Fokus domestik yang kuat pada pemilihan umum Indonesia mendatang mungkin memiliki implikasi penting bagi keterlibatan regional dan internasional Indonesia. Tuntutan kampanye dapat menghasilkan elit politik untuk menyalurkan perhatian dan sumber daya mereka ke dalam negeri, sehingga mengakibatkan perhatian Indonesia mnurun di kancah internasional. Khususnya, kelemahan Indonesia bisa menjadi hambatan serius bagi upaya regional untuk mendorong agenda ‘ASEAN ke-50.’

Maka dari itu, tetangga Indonesia harus tetap waspada terhadap kemungkinan dampak dari narasi politik domestik Indonesia. Retorika etno-religius, misalnya, dapat diambil oleh individu-individu oportunis di Malaysia sebagai strategi politik. Samsak tinju politik tradisional seperti Malaysia dan Australia harus bersiap untuk radang retorika yang berpotensial diarahkan kepada kandidat Indonesia yang berharap untuk mendapatkan suara.

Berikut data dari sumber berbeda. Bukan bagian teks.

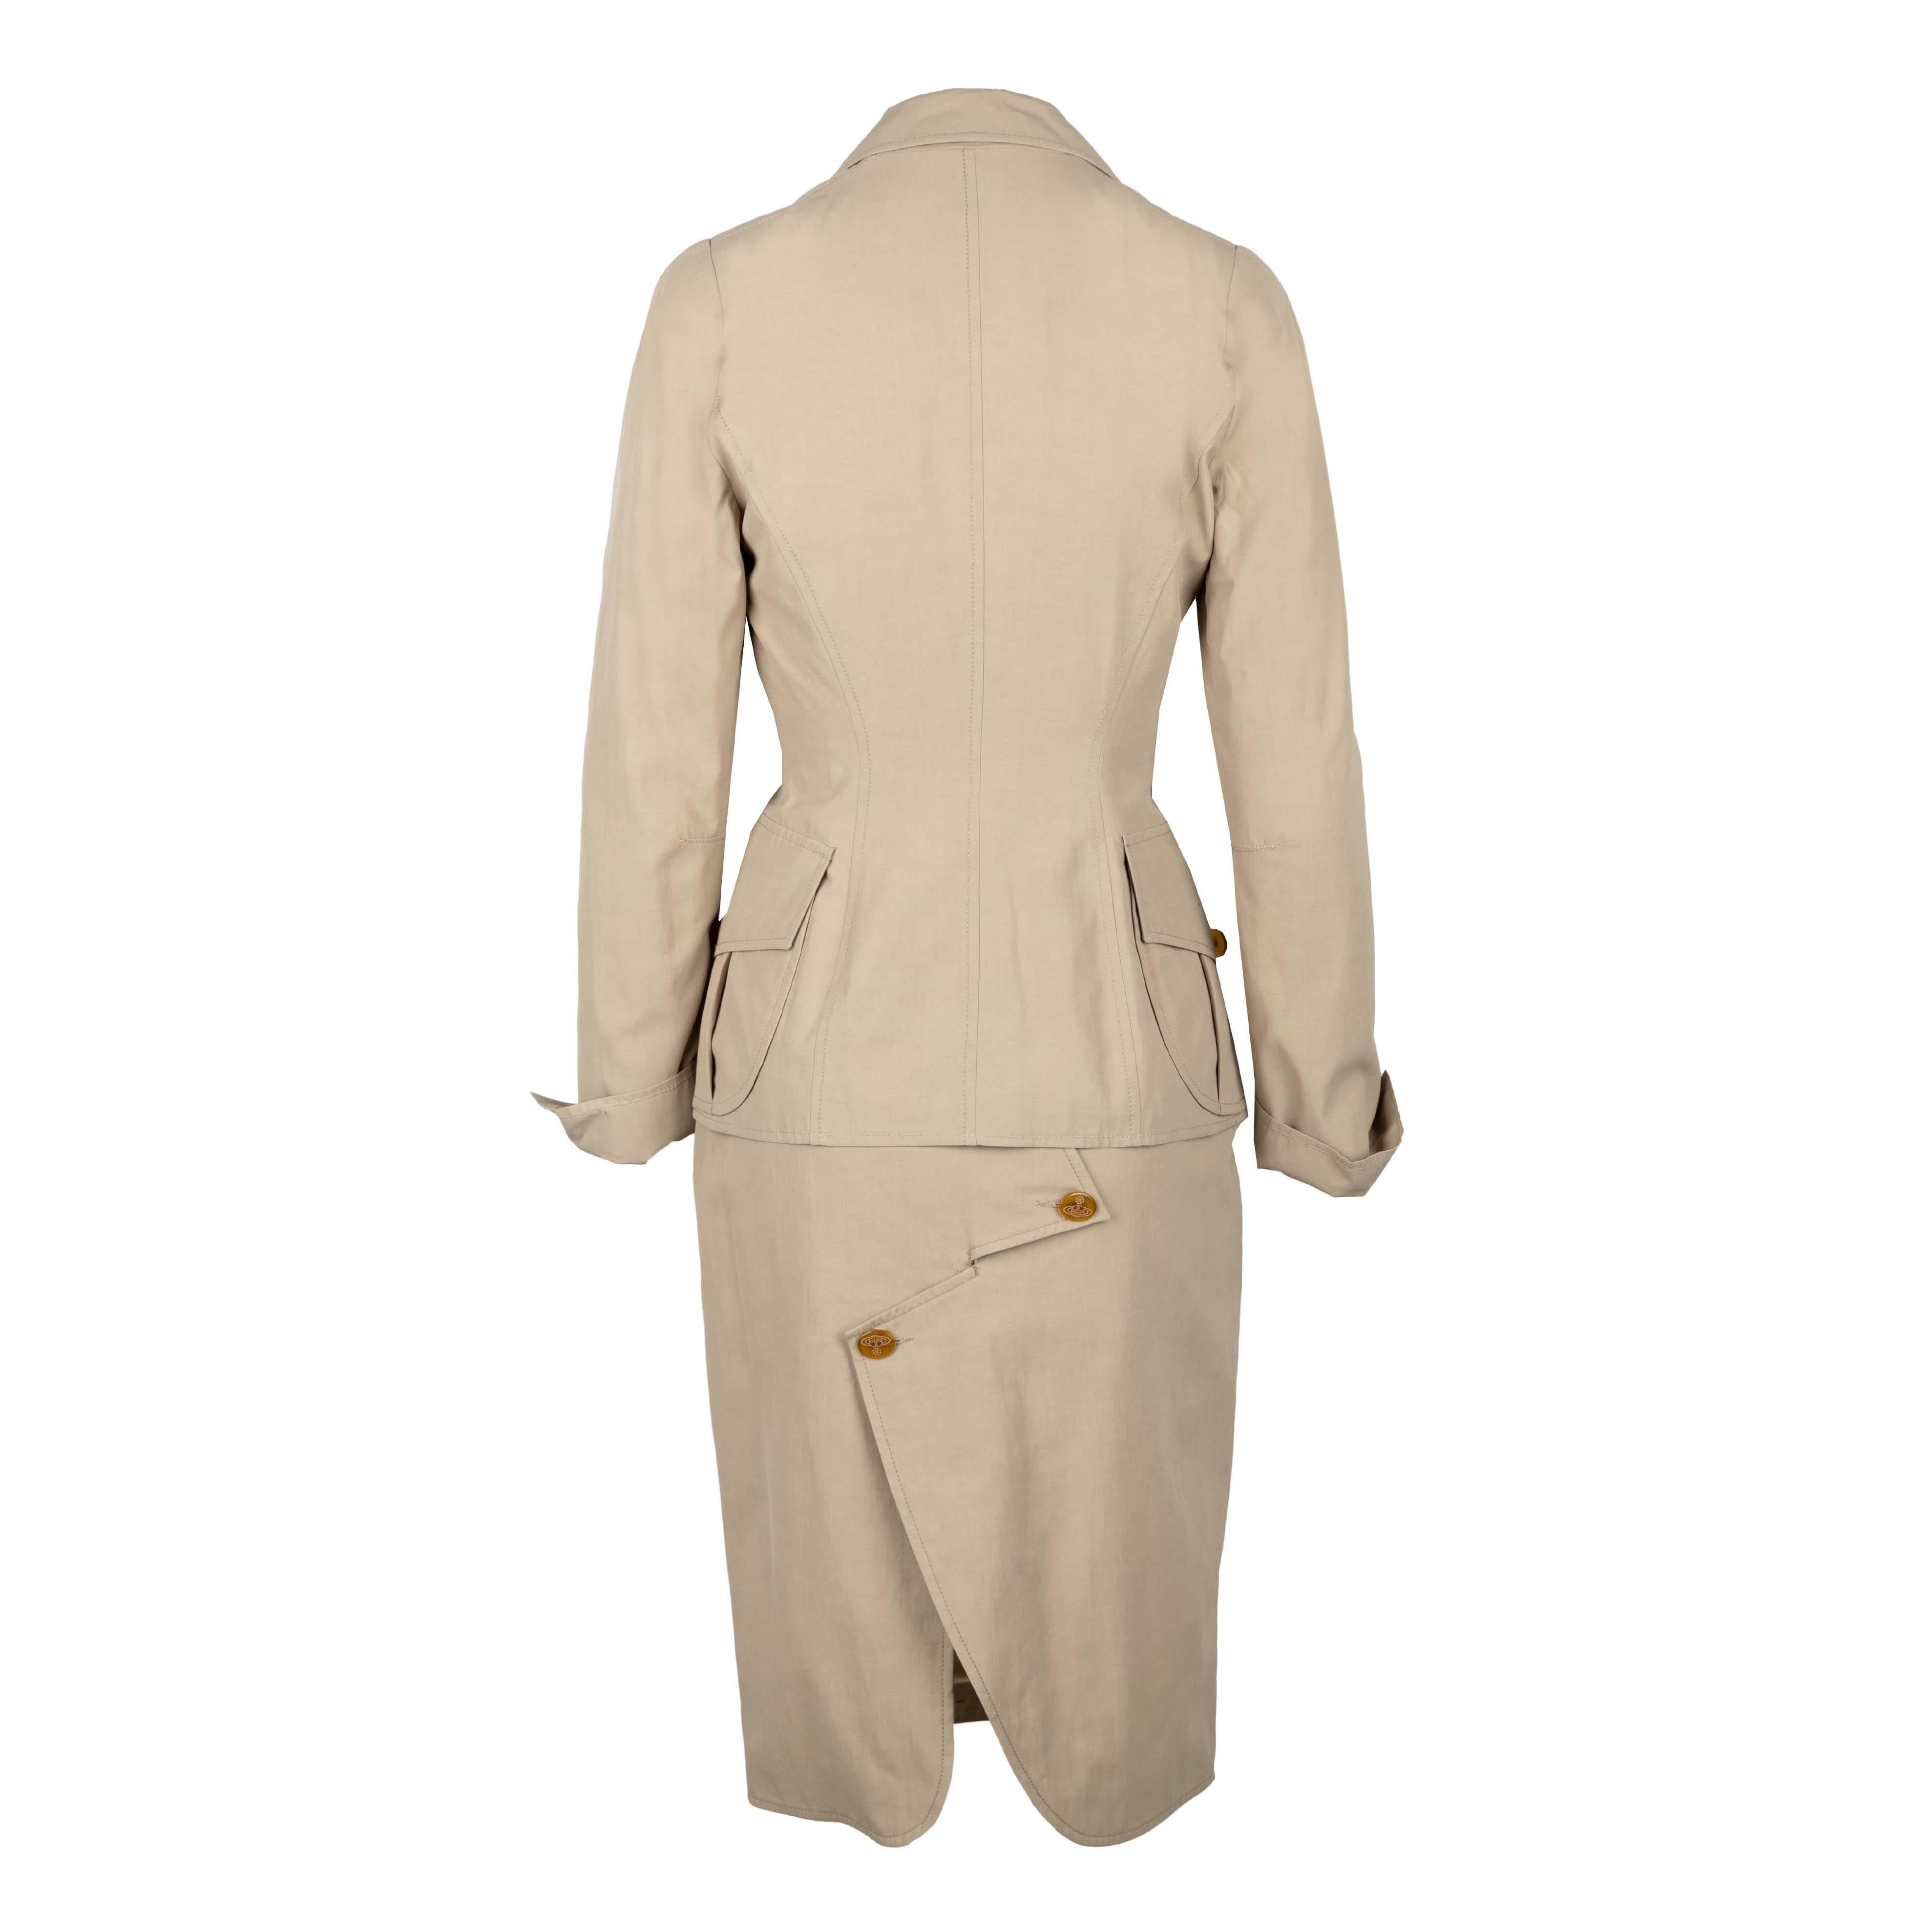 Vivienne Westwood red label jacket and skirt set in beige color, in a similar material of trench coats which makes it perfect for the mid-season use. The jacket has roomy front pockets, features a zigzag styled opening with orange buttons embossed

     Baca Juga : Opini Greta Nabbs-Keller: Demokrasi Tak Sempurna adalah Harapan Terbaik Indonesia

Suasana politik Indonesia akan tetap sangat mudah terbakar hingga pemilu presiden berakhir pada tahun 2019. Mereka yang berada di dalam dan di luar Indonesia perlu menahan diri agar tidak membuat percikan kecil menjadi kobaran api raksasa.

Muhammad Sinatra adalah seorang Analis di Departemen Studi Kebijakan dan Keamanan Luar Negeri di Institut Studi Strategis dan Internasional (ISIS) Malaysia.

Pandangan yang diungkapkan dalam artikel ini adalah milik penulis sendiri dan tidak mencerminkan kebijakan editorial Mata Mata Politik.

Keterangan foto utama: Personil Komisi Pemilihan Umum (KPU) Indonesia menyiapkan kotak suara dan tempat pemungutan suara di Bangkalan, Madura, pada saat Pilpres 2014. 26 Maret 2014. (Foto: AFP/Getty Images/Juni Kriswanto)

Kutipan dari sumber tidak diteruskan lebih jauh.